En fin de compte, j’ai éprouvé lassitude et humiliation en me voyant obligé de servir de spectacle à ce maître inconnu et inconnaissable : je me suis avisé que ce semblant de vie ne méritait pas tant de bassesses, tant de couardises flatteuses. C’est alors que je me suis mis à souhaiter ardemment ce qui me faisait auparavant horreur, je veux dire son réveil. Je me suis efforcé de remplir mon existence de spectacles si horrifiques qu’il finirait bien, dans son effroi, par se réveiller. J’ai tout tenté, tout, pour atteindre le repos de l’annihilation, j’ai tout mis en oeuvre afin d’arrêter cette triste comédie de ma vie fictive, de détruire cette dérisoire larve d’existence qui me fait semblable aux hommes vivants.

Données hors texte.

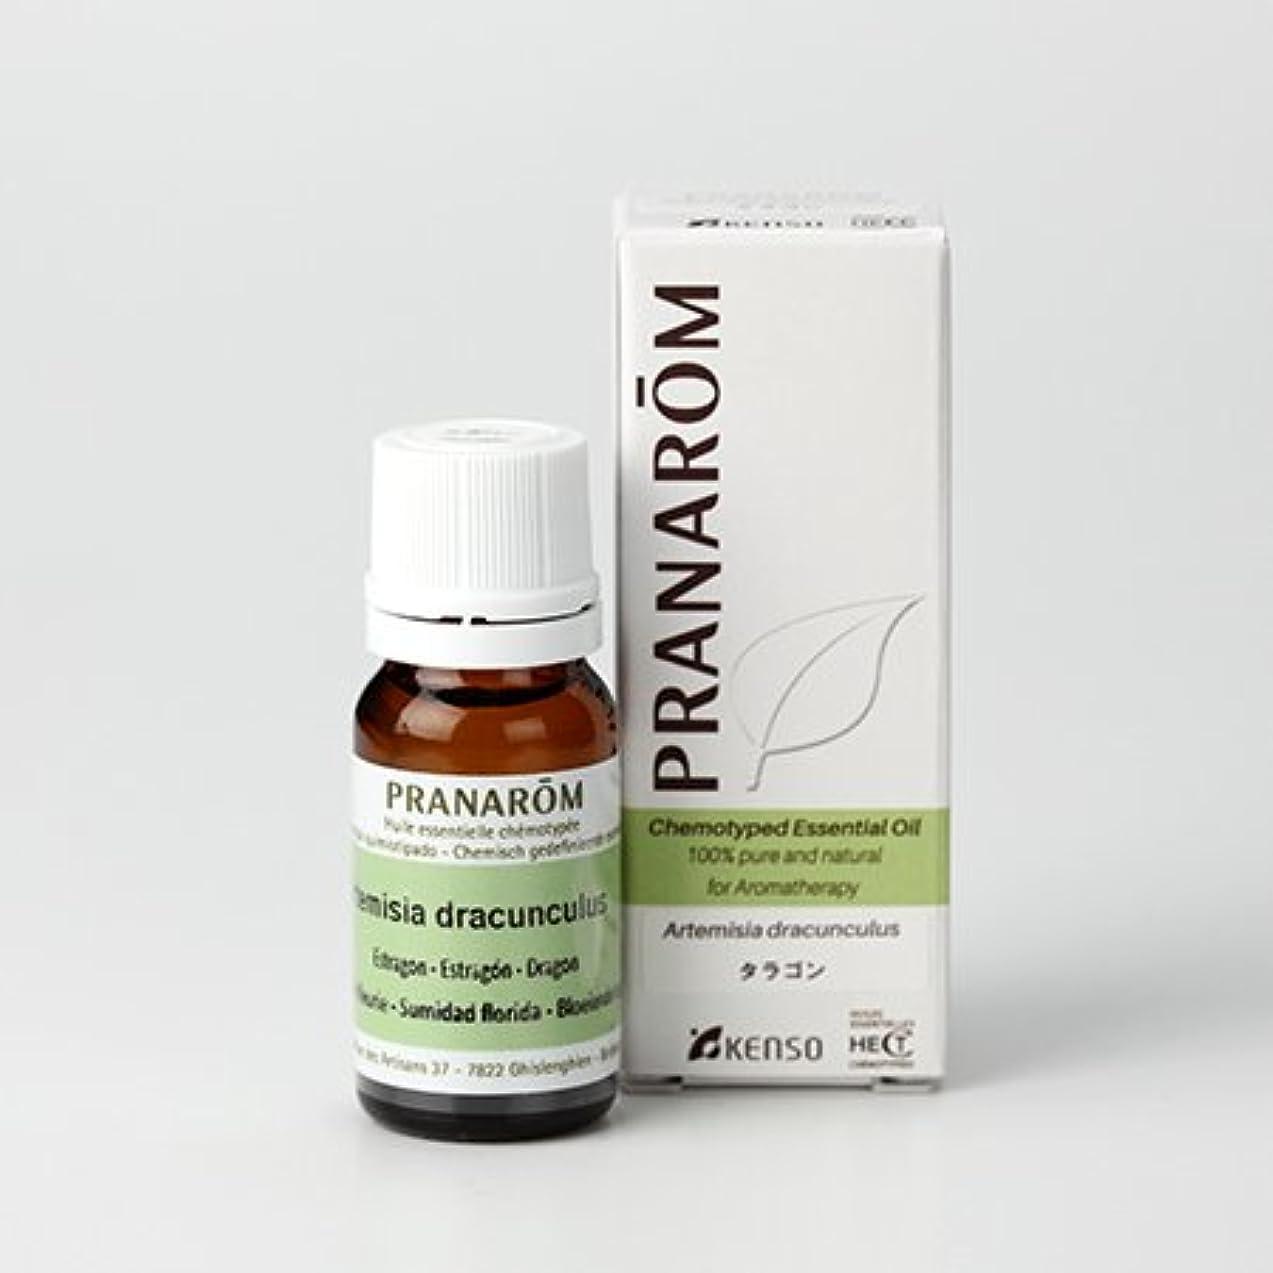 びっくりびっくり遠近法プラナロム ( PRANAROM ) 精油 タラゴン 10ml p-15

Nul crime ne m’a plus été étranger : aucune scélératesse ne m’a été inconnue ; je n’ai pas reculé devant les pires horreurs. J’ai tué en les torturant d’une façon raffinée des vieillards innocents ; j’ai empoisonné les eaux entières des villes et, au même moment, j’ai mis le feu aux chevelures d’une infinité de femmes. J’ai de mes dents rendues sauvages par la volonté de massacrer, mis en pièces tous les enfants que j’ai rencontrés sur mon chemin. La nuit, je recherchais la compagnie des monstres colossaux, noirs et sifflants, que les hommes ne connaissent plus : je participais à d’incroyables équipées de gnomes, de succubes, de korrigans, de fantômes ; du haut d’une montagne, je me ruais dans une vallée nue et bouleversée, entourée de cavernes remplies d’ossements blancs ; et les sorcières m’apprenaient les hurlements des fauves déchaînés qui, la nuit, font frissonner jusqu’aux hommes les plus vaillants. Mais il semble bien que celui qui me retient dans son rêve ne s’épouvante guerre de tout ce qui vous fait trembler, vous, les hommes : soit qu’il trouve son plaisir à voir ce qu’il est de plus affreux, soit qu’il n’en ait cure et qu’il en rie. Jusqu'à ce jour, je n'ai pas réussi à le réveiller, et il me faut continuer à traîner cette existence ignoble, servile et irréelle.
Qui me délivrera donc de mon rêveur? Quand poindra-t-elle, l'aurore qui le ramènera à ses occupations? Quand sonnera la cloche, quand chantera le coq, quand retentiront les voix qui le réveilleront? J’attend depuis si longtemps ma libération! J’attends avec tant d’espérance le dénouement de ce rêve idiot où je joue un rôle si monotone!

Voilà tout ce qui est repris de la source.